Without its pictures, the listing below is to be transcribed exactly.
::: EXERCISE DATA :::
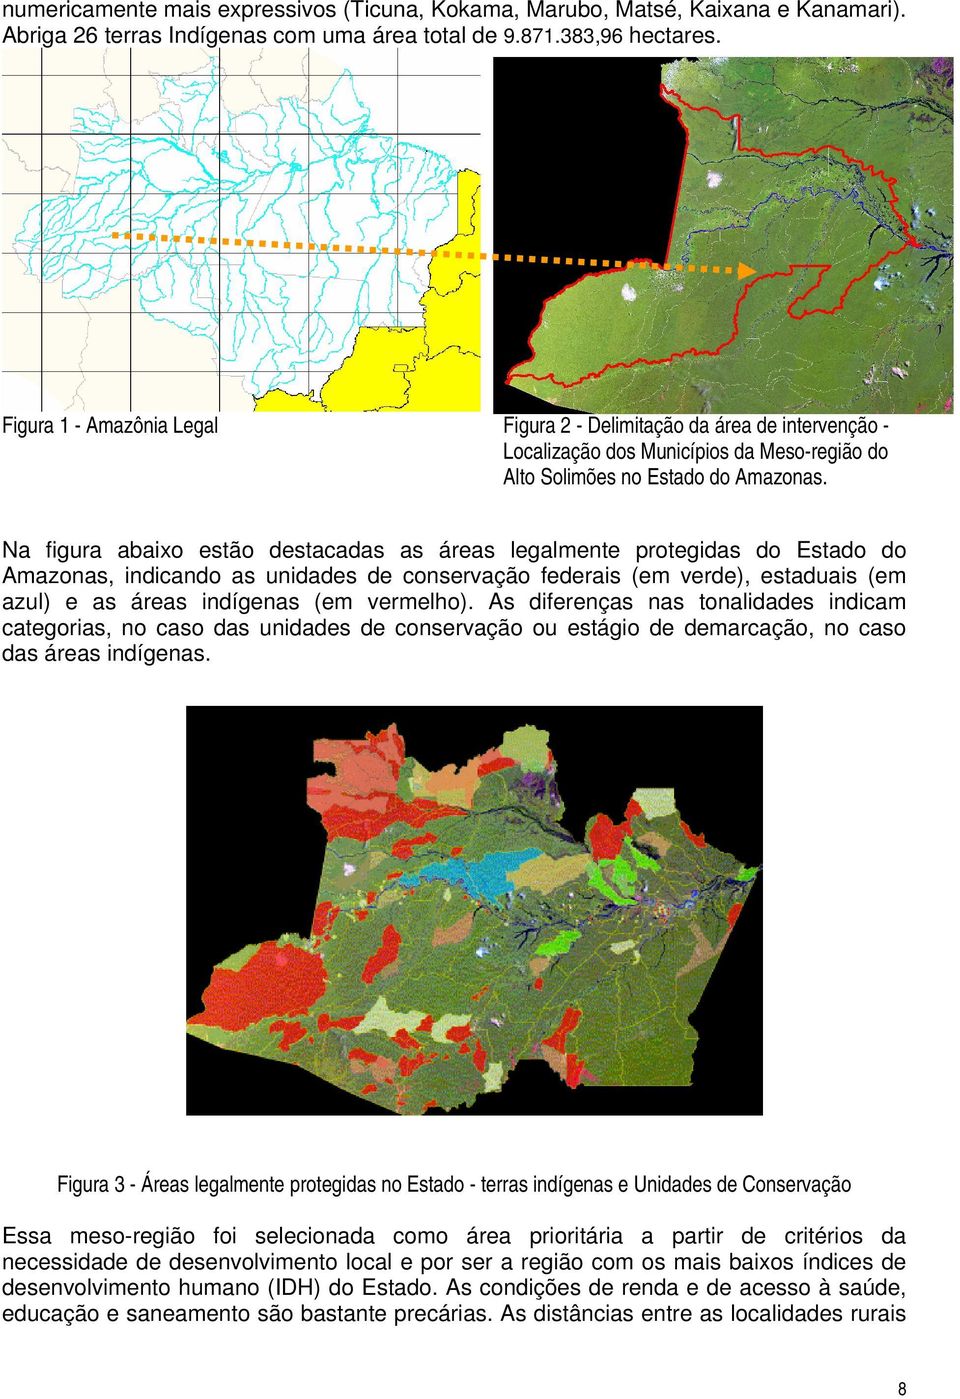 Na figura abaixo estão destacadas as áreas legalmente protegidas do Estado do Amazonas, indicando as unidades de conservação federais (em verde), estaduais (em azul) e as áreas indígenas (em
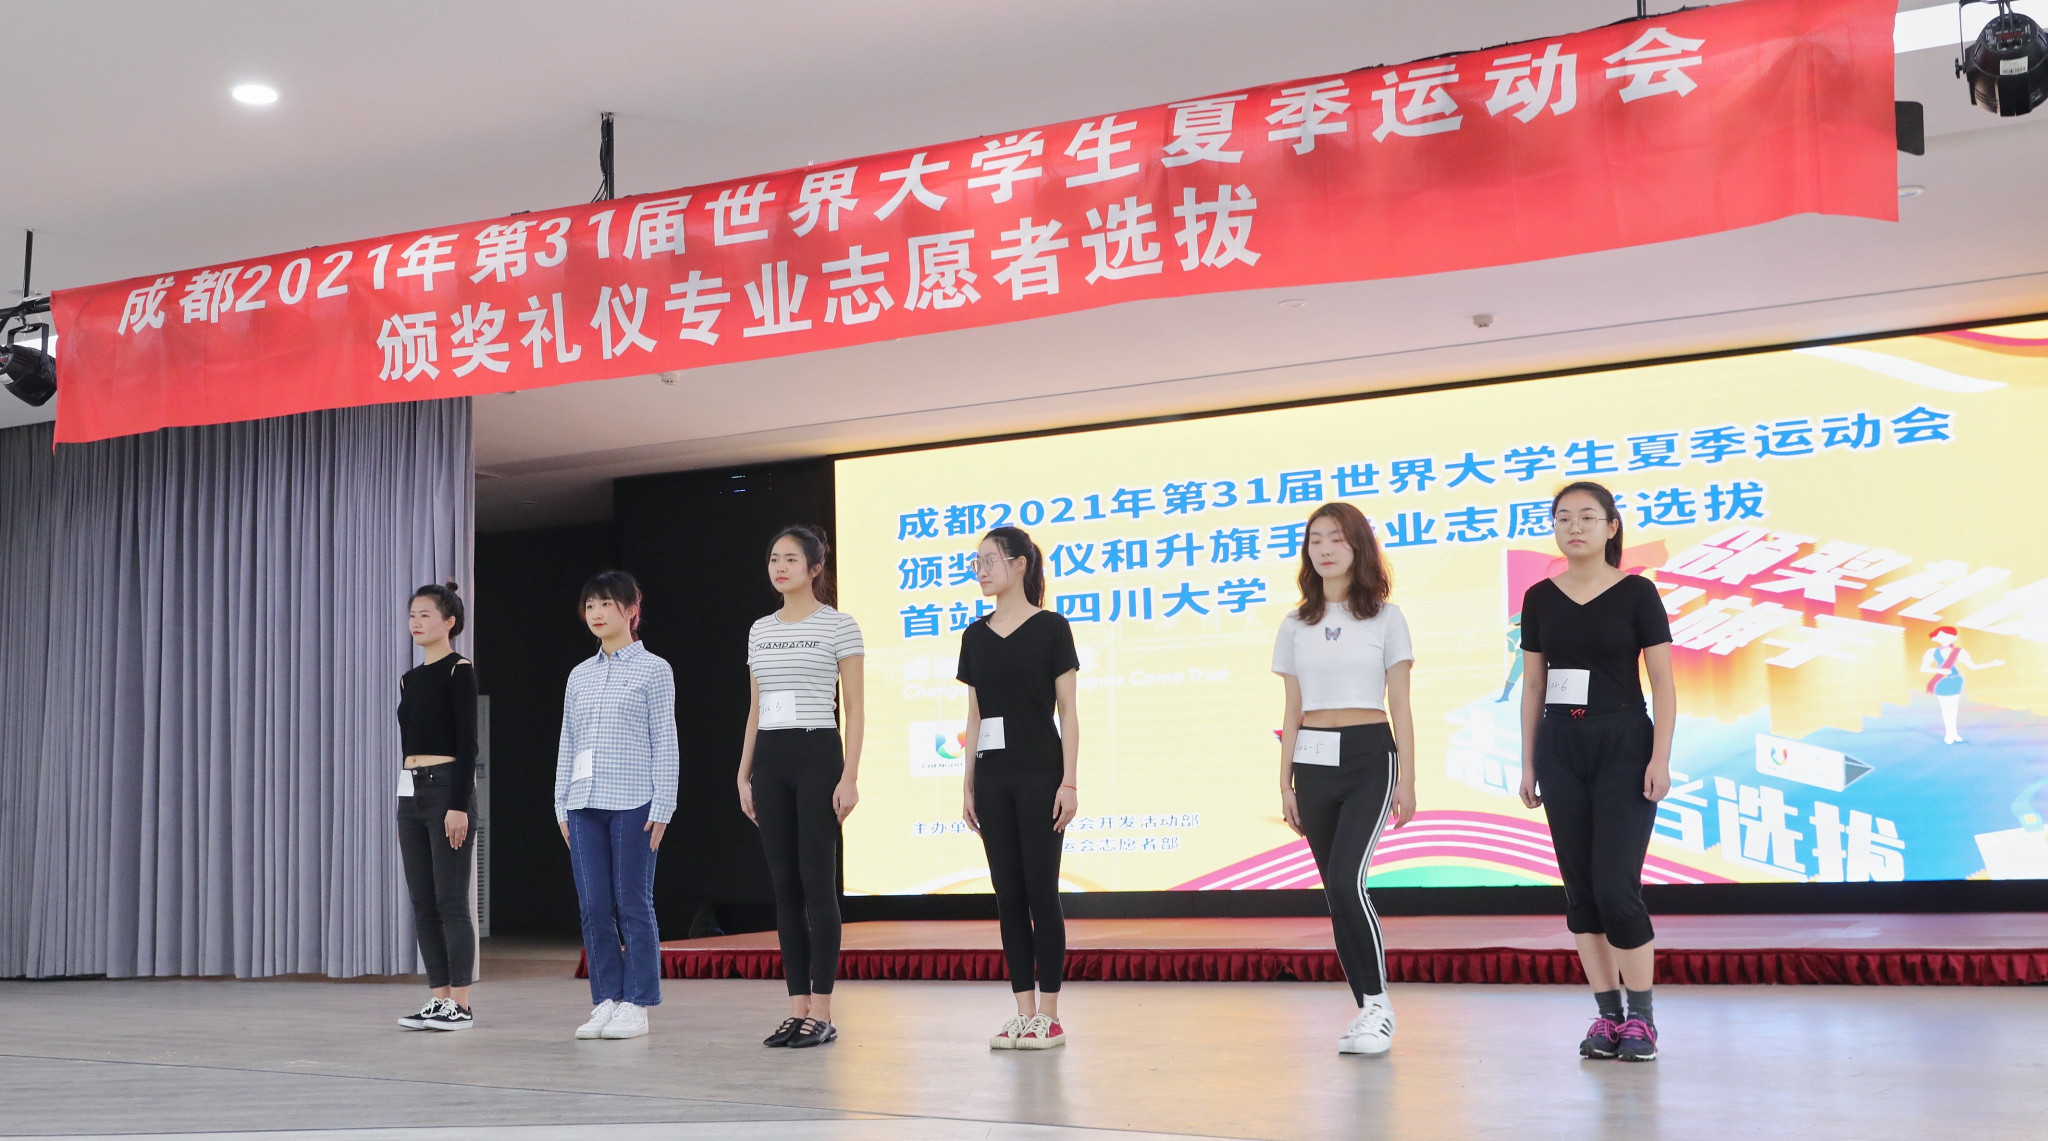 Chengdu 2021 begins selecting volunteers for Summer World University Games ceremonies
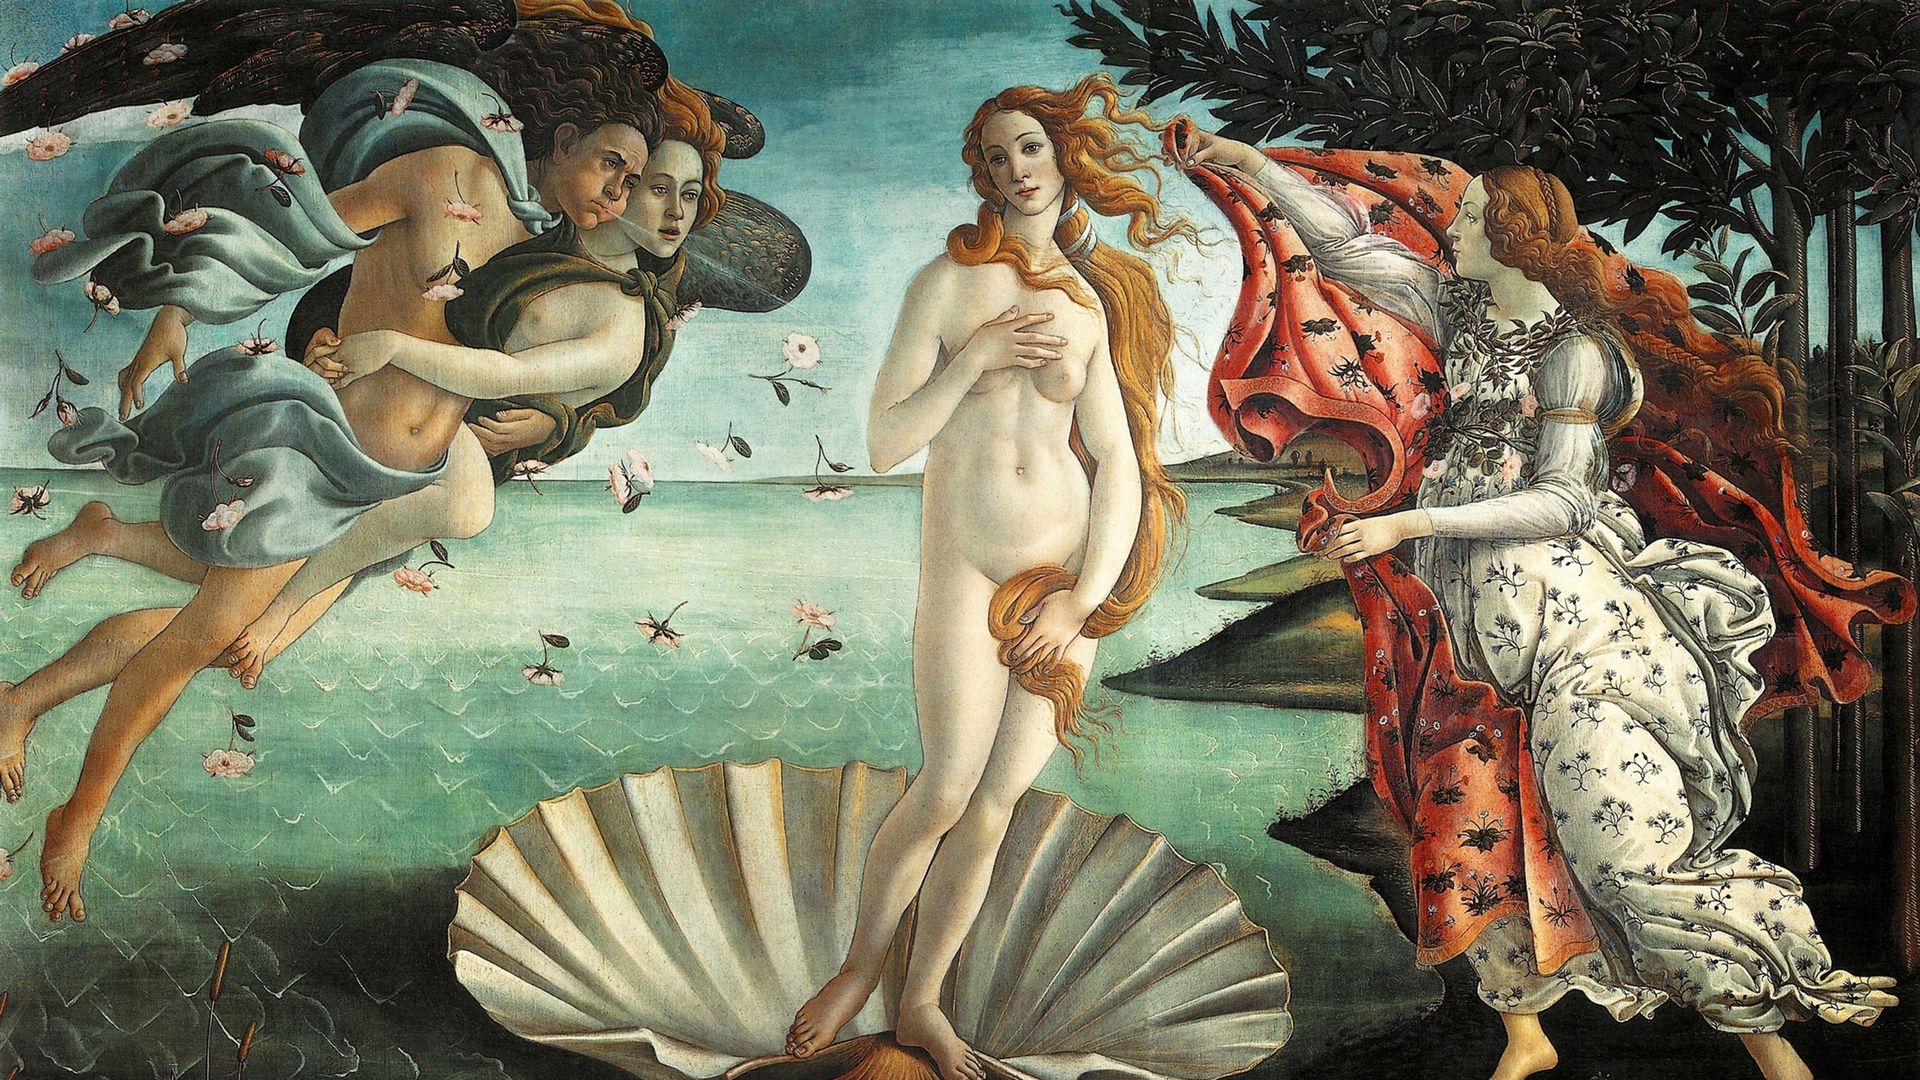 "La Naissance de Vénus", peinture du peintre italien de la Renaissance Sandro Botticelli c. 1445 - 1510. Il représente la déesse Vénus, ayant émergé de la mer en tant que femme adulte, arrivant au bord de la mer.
:::
### [ANSWER]
 Na figura abaixo estão destacadas as áreas legalmente protegidas do Estado do Amazonas, indicando as unidades de conservação federais (em verde), estaduais (em azul) e as áreas indígenas (em
 Chengdu 2021 begins selecting volunteers for Summer World University Games ceremonies
 "La Naissance de Vénus", peinture du peintre italien de la Renaissance Sandro Botticelli c. 1445 - 1510. Il représente la déesse Vénus, ayant émergé de la mer en tant que femme adulte, arrivant au bord de la mer.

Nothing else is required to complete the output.